→ Task brief
The expected output is an exact copy of each line from the line with "40 rus другие" through the end of the data below, with no pictures in it.

[Extracted data entries]
§

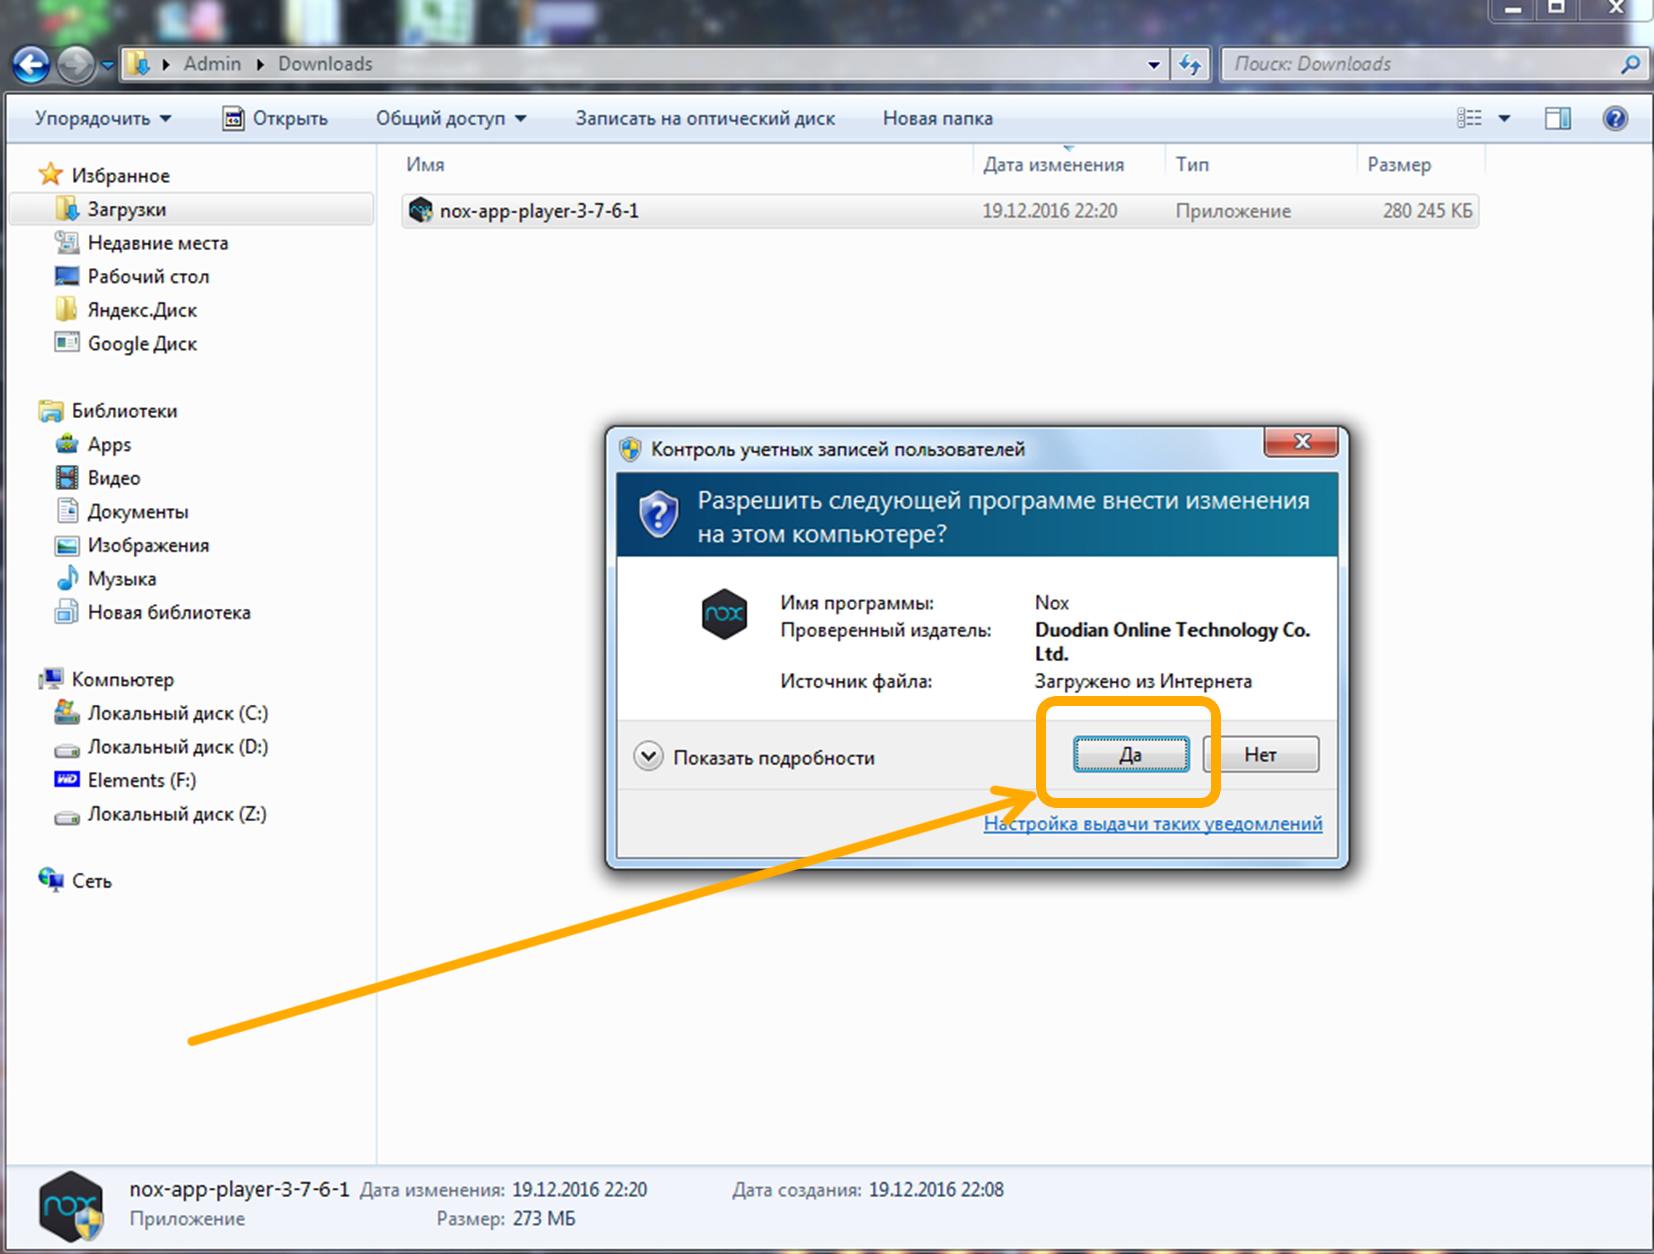 Всплывающее окно системы безопасности компьютера, где нужно согласиться с установкой эмулятора, для начала процесса распаковки файлов.
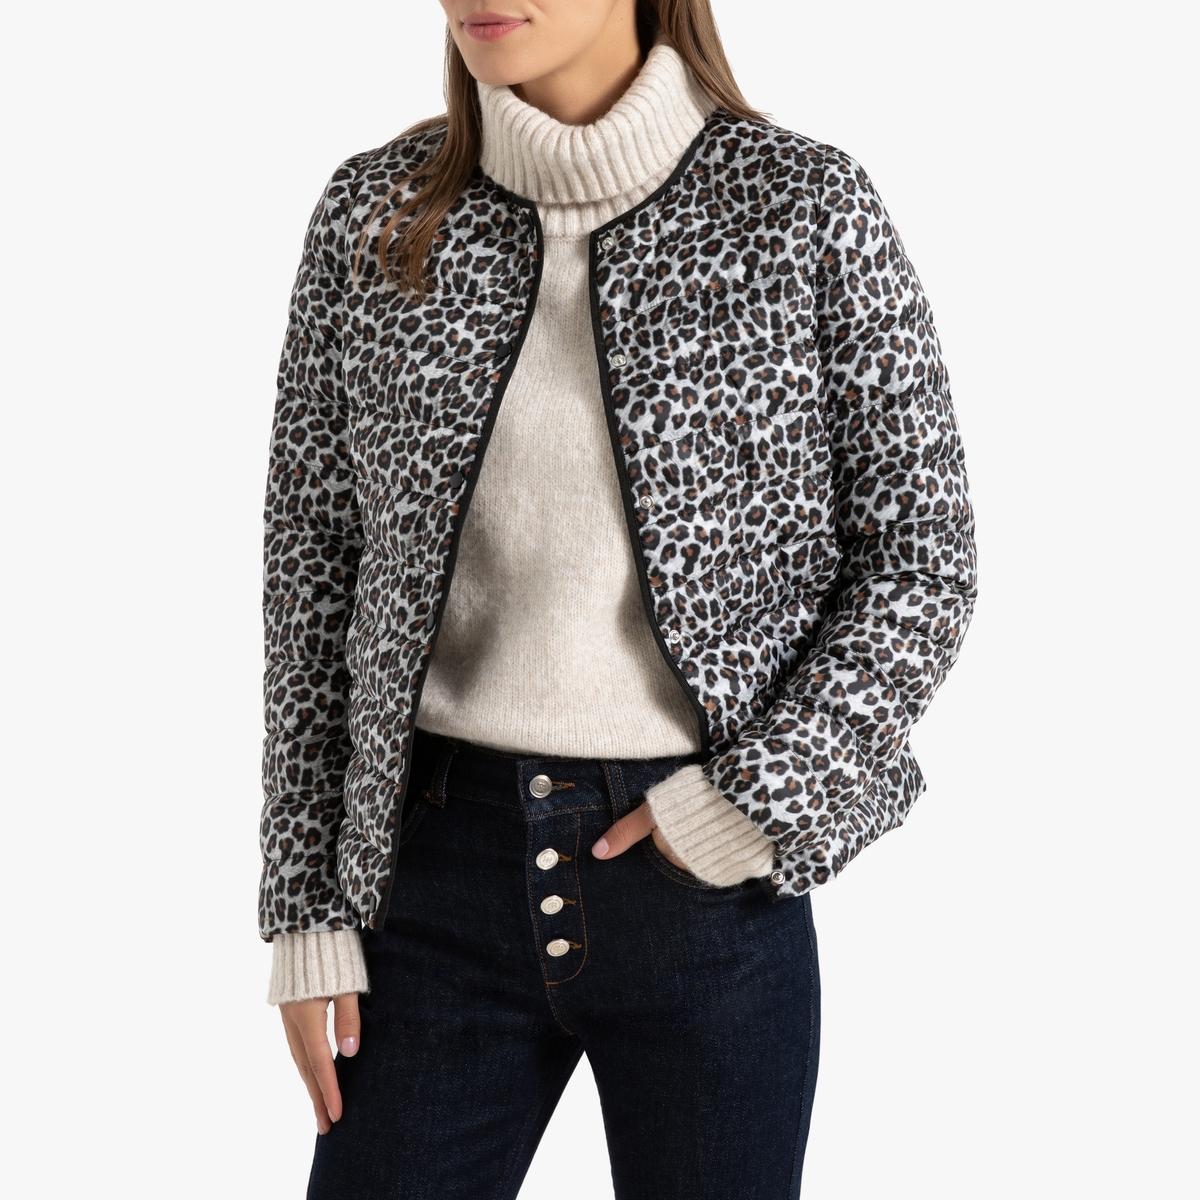 Куртка La Redoute Легкая укороченная с леопардовым принтом 34 (FR) - 40 (RUS) другие куртка la redoute легкая укороченная с леопардовым принтом 34 fr 40 rus другие
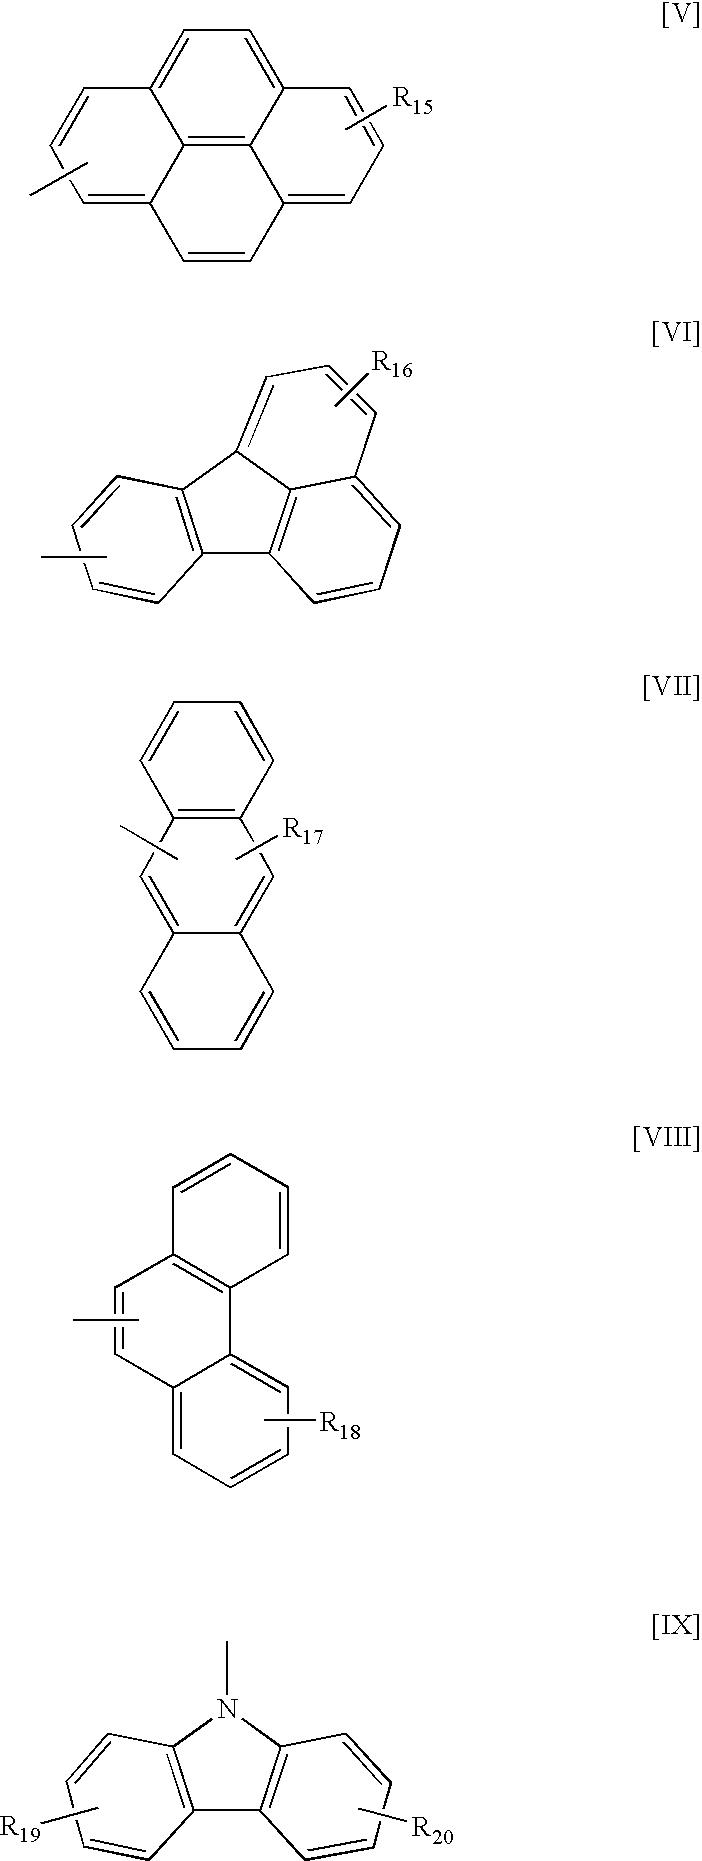 Figure US20060134425A1-20060622-C00006
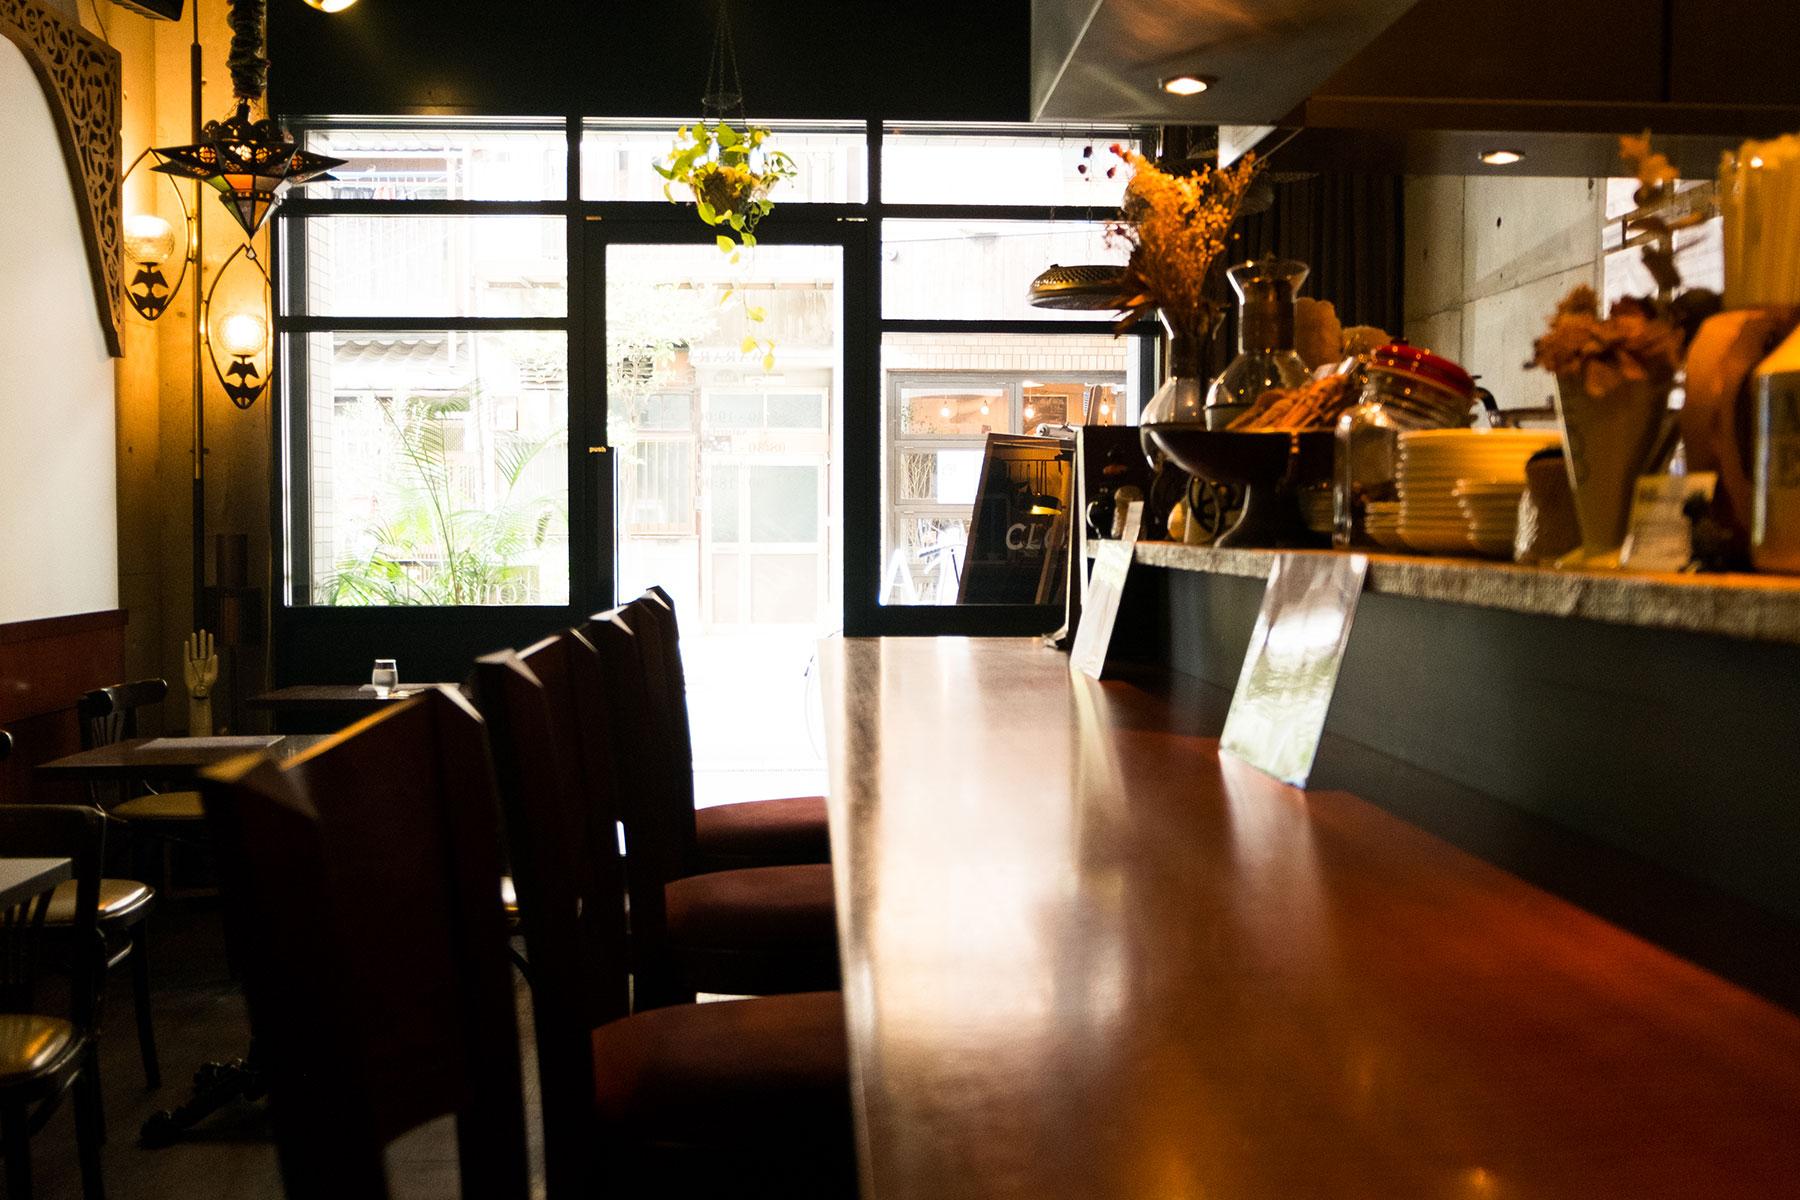 カレーが美味いカフェ&コーヒースタンド coffee shop WARARA コーヒーショップ ワララ
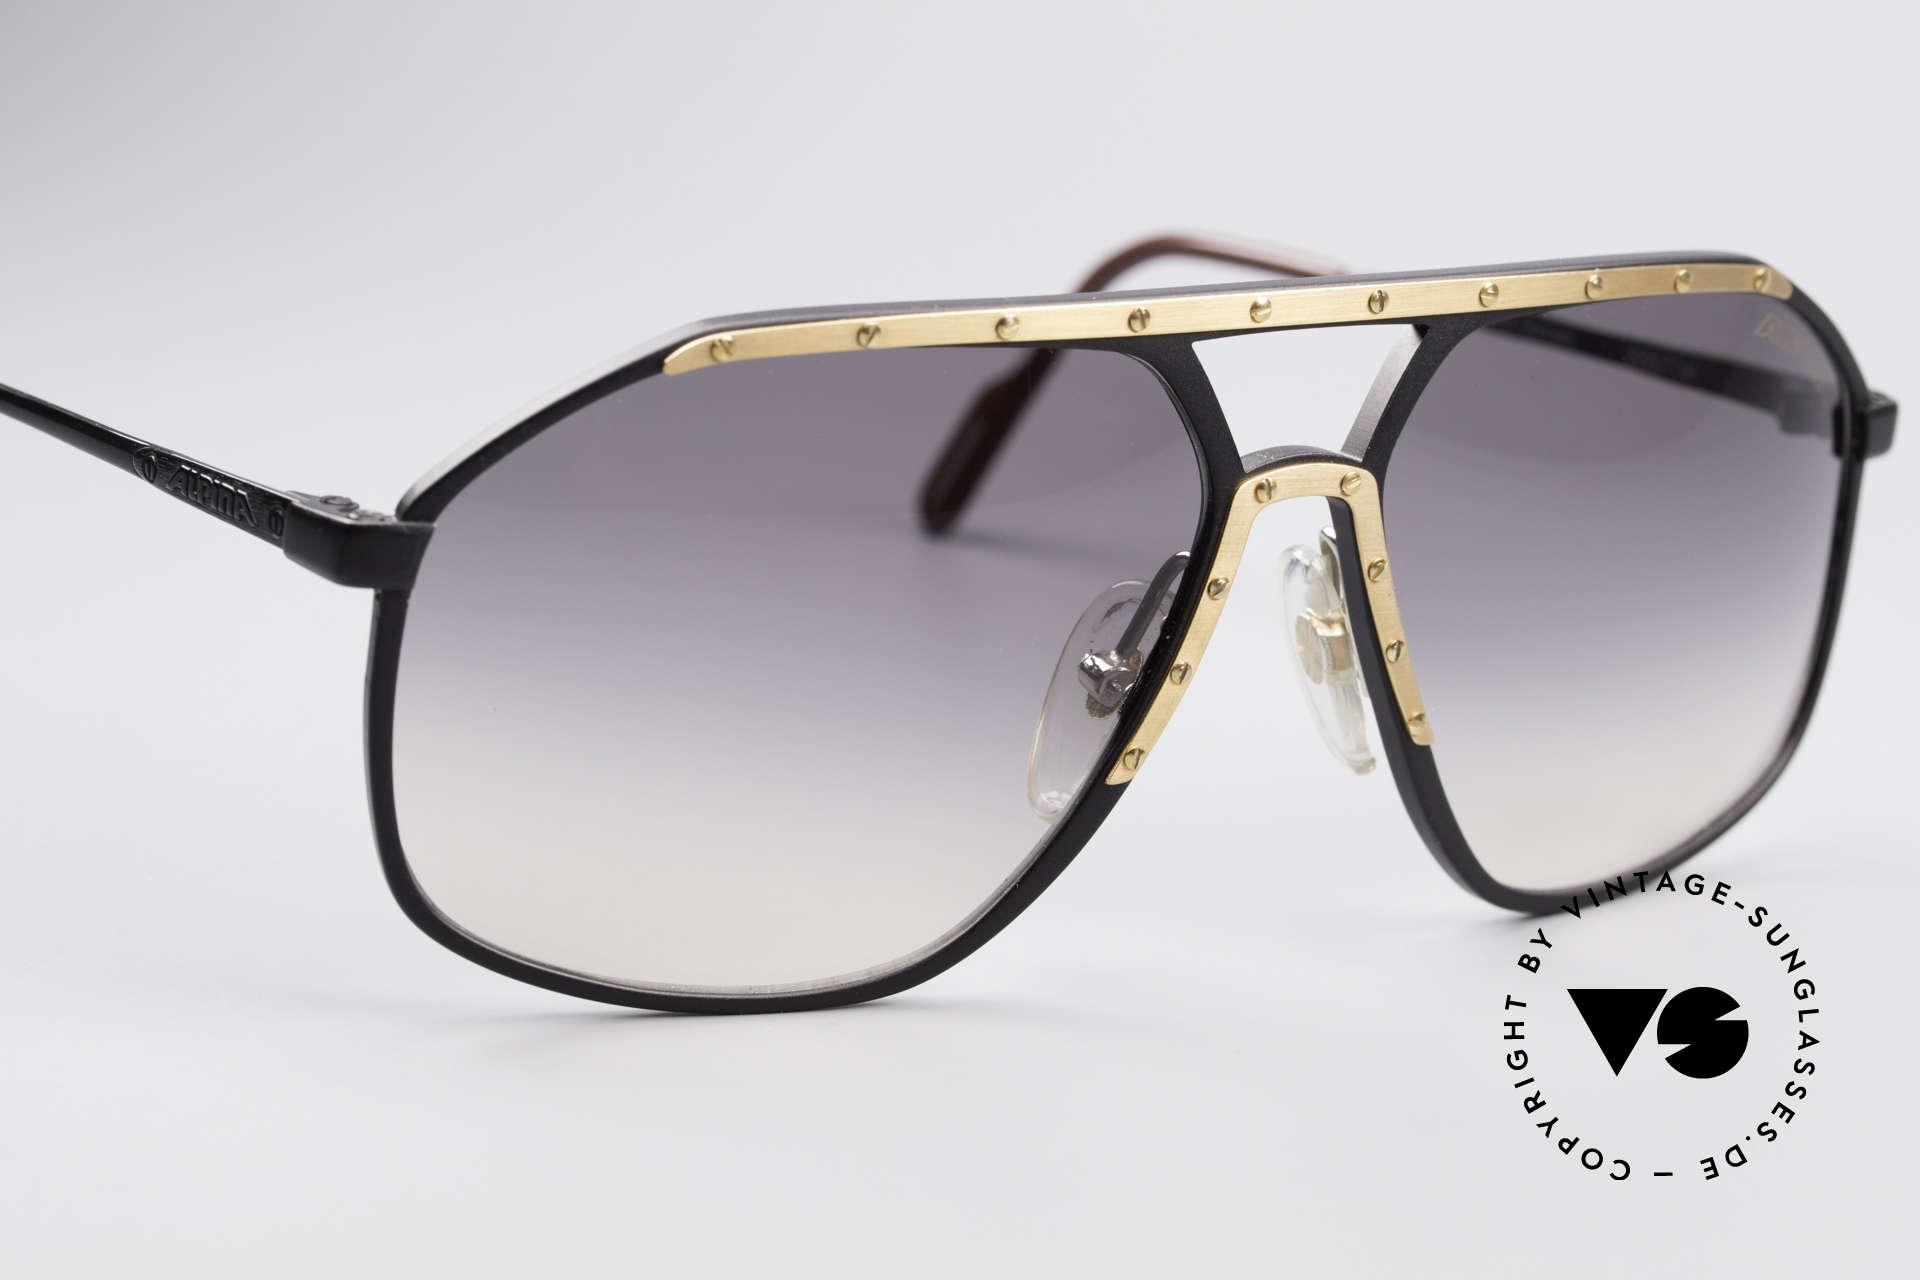 Alpina M1/7 Echte Vintage Sonnenbrille, ungetragen (wie alle unsere VINTAGE Designerbrillen), Passend für Herren

§

→ Response to this task
 Куртка La Redoute Легкая укороченная с леопардовым принтом 34 (FR) - 40 (RUS) другие куртка la redoute легкая укороченная с леопардовым принтом 34 fr 40 rus другие
 Figure US20060134425A1-20060622-C00006
 カレーが美味いカフェ&コーヒースタンド coffee shop WARARA コーヒーショップ ワララ
 Alpina M1/7 Echte Vintage Sonnenbrille, ungetragen (wie alle unsere VINTAGE Designerbrillen), Passend für Herren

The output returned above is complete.